Observational evidence

Redshift catalogs from Sloan Digital Sky Survey, 2MASS, and 2dF Galaxy Redshift Survey reveal a cosmic web of galaxys and clusters extending across gigaparsecs; complementary results come from Cosmic Microwave Background anisotropies measured by Planck (spacecraft) and WMAP. Gravitational lensing studies by teams at Hubble Space Telescope and surveys like CFHTLenS and KiDS map the distribution of dark matter; X-ray and Sunyaev–Zel'dovich observations from Chandra X-ray Observatory and Atacama Cosmology Telescope identify hot gas in galaxy clusters such as Coma Cluster. Wide-field spectroscopic campaigns by DESI and photometric projects like Pan-STARRS extend measurements of baryon acoustic oscillations first inferred from analyses linked to COBE.

Theoretical framework

The framework rests on the Lambda-CDM model, modified gravity proposals championed by researchers associated with Modified Newtonian Dynamics debates and alternative paradigms explored at institutions like Perimeter Institute. Perturbation theory developed by scientists following Yakov Zel'dovich (Zel'dovich approximation) and formalism by Alan Guth and Andrei Linde for inflation underpin initial conditions; power spectrum predictions use methods advanced by James Peebles and Nick Kaiser. N-body simulations such as Millennium Simulation, Illustris, and EAGLE employ algorithms from groups at Max Planck Institute for Astrophysics and Harvard-Smithsonian Center for Astrophysics to model nonlinear gravitational collapse.

Formation and evolution

Structures grow from primordial fluctuations seeded during inflation and processed by processes such as recombination probed by Planck (spacecraft). Linear growth described in analytic treatments by P. J. E. Peebles transitions to nonlinear collapse captured in simulations like Millennium Simulation and hydrodynamical runs such as IllustrisTNG. Baryonic physics including feedback from AGNs studied in contexts like Virgo Consortium simulations and stellar feedback researched by teams at Space Telescope Science Institute influence galaxy formation inside dark matter halos characterized by profiles named after Navarro–Frenk–White profile. Mergers and accretion shaped prominent structures such as Great Attractor and superclusters like Shapley Supercluster.

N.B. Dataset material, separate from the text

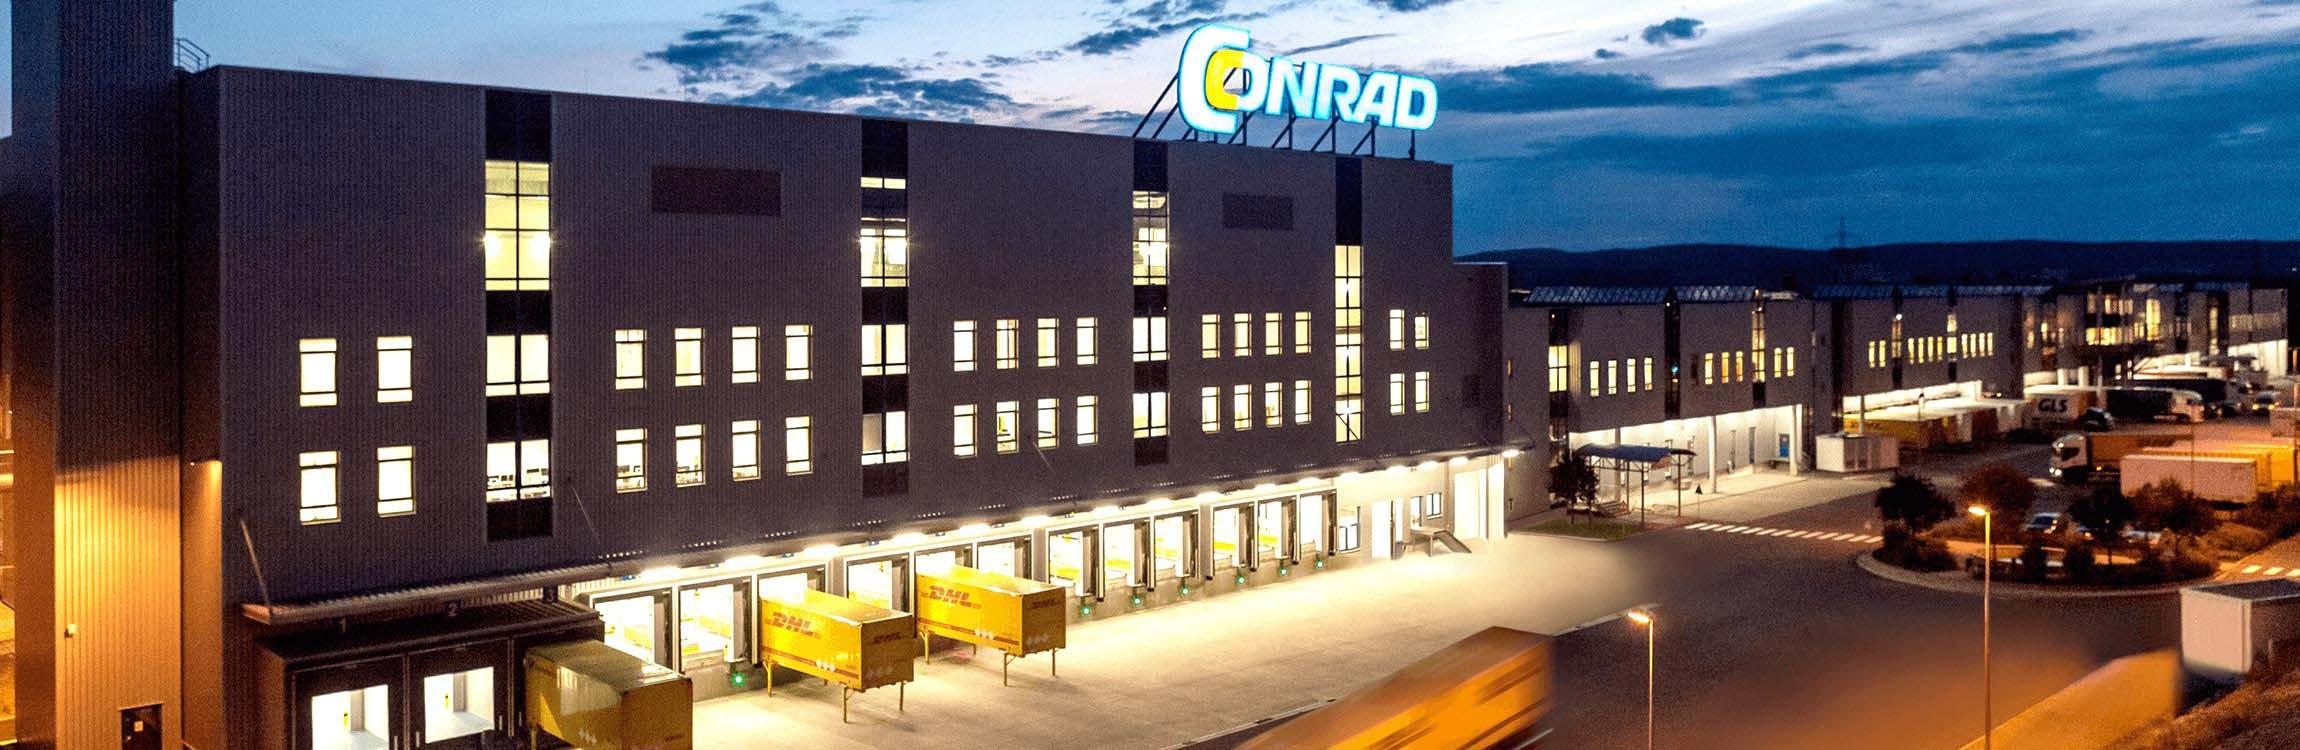 The new distribution center for Conrad.

Statistical descriptors and tools

Quantification uses statistics developed by James Peebles and others: two-point correlation function, power spectrum analyses employed by collaborations tied to Sloan Digital Sky Survey and Baryon Oscillation Spectroscopic Survey, higher-order moments and bispectrum work by theoreticians connected to Princeton University and Institute for Advanced Study. Topological measures including Minkowski functionals and genus statistics feature in studies from Max Planck Institute for Astrophysics; reconstruction techniques and halo occupation distribution models are applied by researchers at University of California, Berkeley and Lawrence Berkeley National Laboratory. Machine learning tools emerging from groups at Google DeepMind and Stanford University augment traditional estimators.

Cosmological implications

Large-scale structure constraints inform parameters of the Lambda-CDM model such as Hubble constant tension debated between teams behind Hubble Space Telescope distance ladder measurements and Planck (spacecraft) inference; they probe the nature of dark matter and dark energy investigated by programs like Dark Energy Survey and missions including Euclid (spacecraft). Tests of gravity on cosmological scales relate to work by proponents of Modified Newtonian Dynamics and analyses from European Space Agency. Measurements of baryon acoustic oscillations, redshift-space distortions, and weak lensing by collaborations such as BOSS and KiDS provide consistency checks with predictions of inflation and particle physics models explored at CERN.